'Straw' review: Tyler Perry's gritty thriller stars Taraji P. Henson as a mother on the edge

‎Tyler Perry’s Straw throws its audience headfirst into one harrowing day in the life of Janiyah Wiltkinson (Taraji P. Henson), a single Black mother balancing survival and sacrifice. The film marks Perry’s return to the morally charged melodramas that defined his early career, while attempting a grittier, more socially urgent tone.
Taraji P. Henson in 'Straw.'
‎Chip Bergmann/Perry Well Films 2/Courtesy Netflix
‎Janiyah’s day begins with a quiet catastrophe: her daughter Aria (Gabrielle Jackson) needs $40 to clear a school lunch debt or face public humiliation. From there, the pressures compound — a landlord threatens immediate eviction, her boss (Glynn Turman) refuses a paycheck advance, and an altercation with a customer over WIC card restrictions leads to escalating tension at work.
‎When masked gunmen invade the store, Janiyah fights to protect her daughter’s seizure medication hidden in her backpack. In the chaos, she kills one of the robbers and then, in a blur of panic and confusion, fatally shoots her boss. Bloodied but composed, she grabs her paycheck and heads across the street to a bank — unknowingly setting the stage for a hostage crisis that grips the entire state of Georgia.

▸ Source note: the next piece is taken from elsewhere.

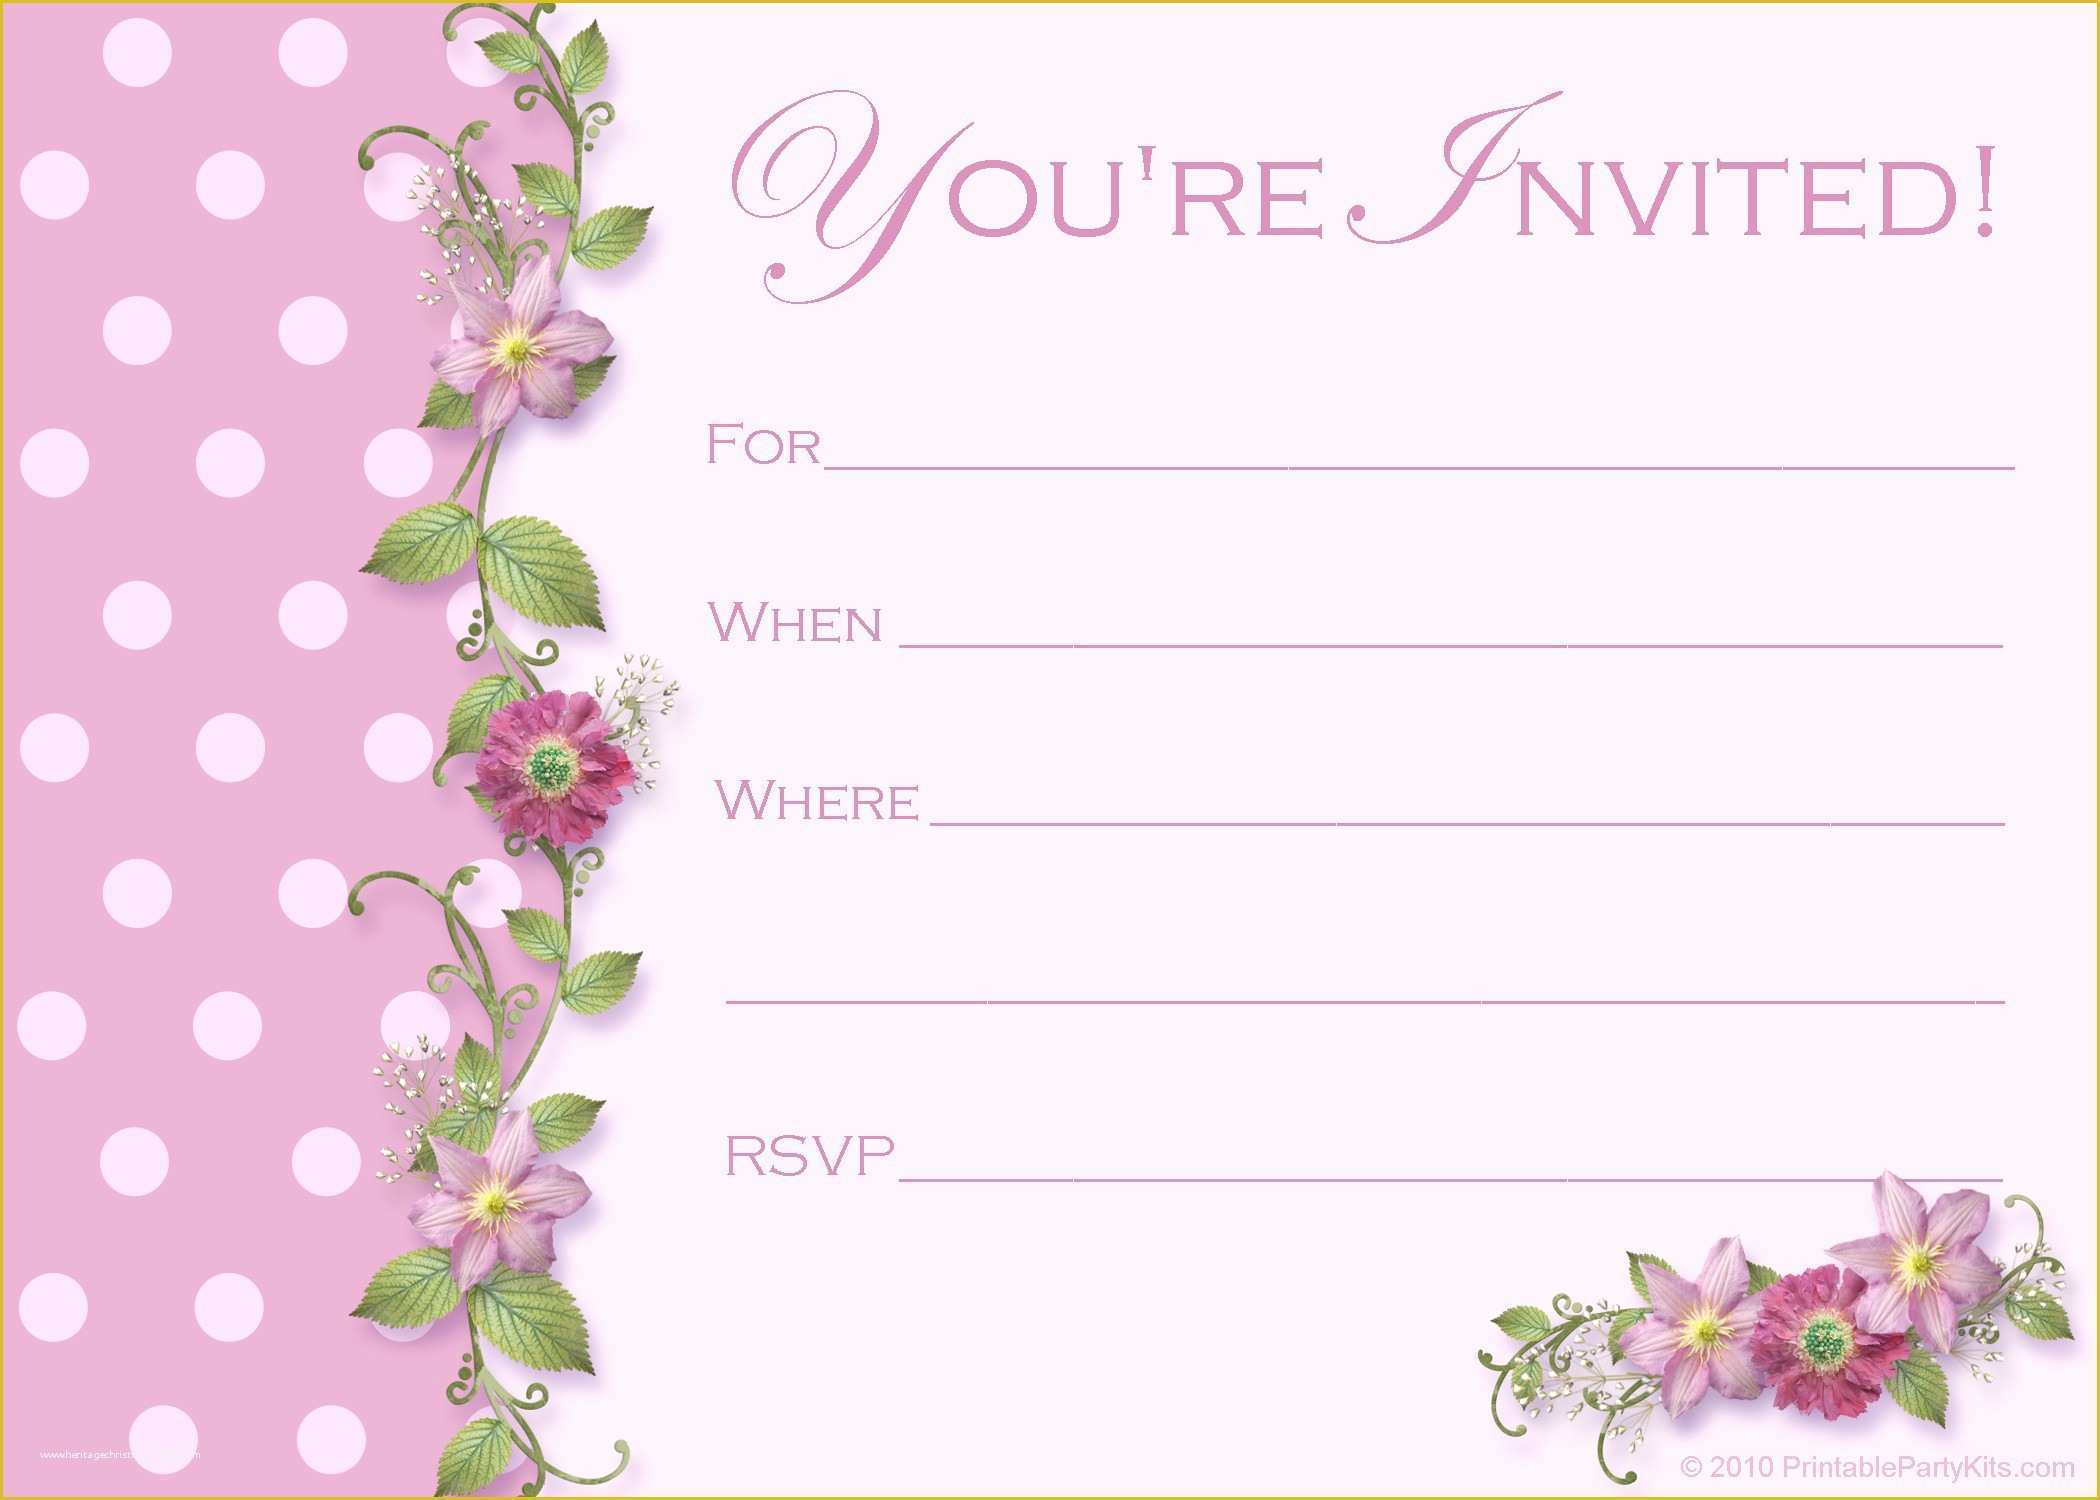 Dinner Party Invitation Templates Free Download Of Free Printable Party Invitations Templates

‎What follows is a taut, emotionally fraught standoff that draws comparisons to Abi Damaris Corbin’s Breaking. But whereas that film highlighted the plight of Black veterans, Straw centers the overlooked anguish of Black working-class mothers. Taraji P. Henson’s raw, tightly wound performance keeps the narrative grounded even when Perry’s script leans heavily on melodrama.
‎Teyana Taylor brings emotional weight as Detective Raymond, a Black female officer who sees Janiyah not as a criminal but as someone broken by an unrelenting system. Their interactions — marked by mutual recognition and compassion — give the film its heart. Nicole (Phylicia Rashad), the bank manager caught in the middle, also emerges as a figure of quiet understanding.
‎Despite its heavy-handed metaphors and occasionally contrived plot twists, Straw captures the emotional truth behind Janiyah’s descent. She isn’t a villain — she’s a mother running out of options, trapped in a world that refuses to see her. Perry’s direction may falter at times, but Henson elevates the material with a performance of exhaustion, dignity, and fury.
‎While not as refined as his recent historical dramas like The Six Triple Eight, Perry’s Straw is undeniably more urgent. It asks difficult questions: What happens when the safety net fails? How long can someone be pushed before they break? And more importantly, who listens when Black mothers cry out?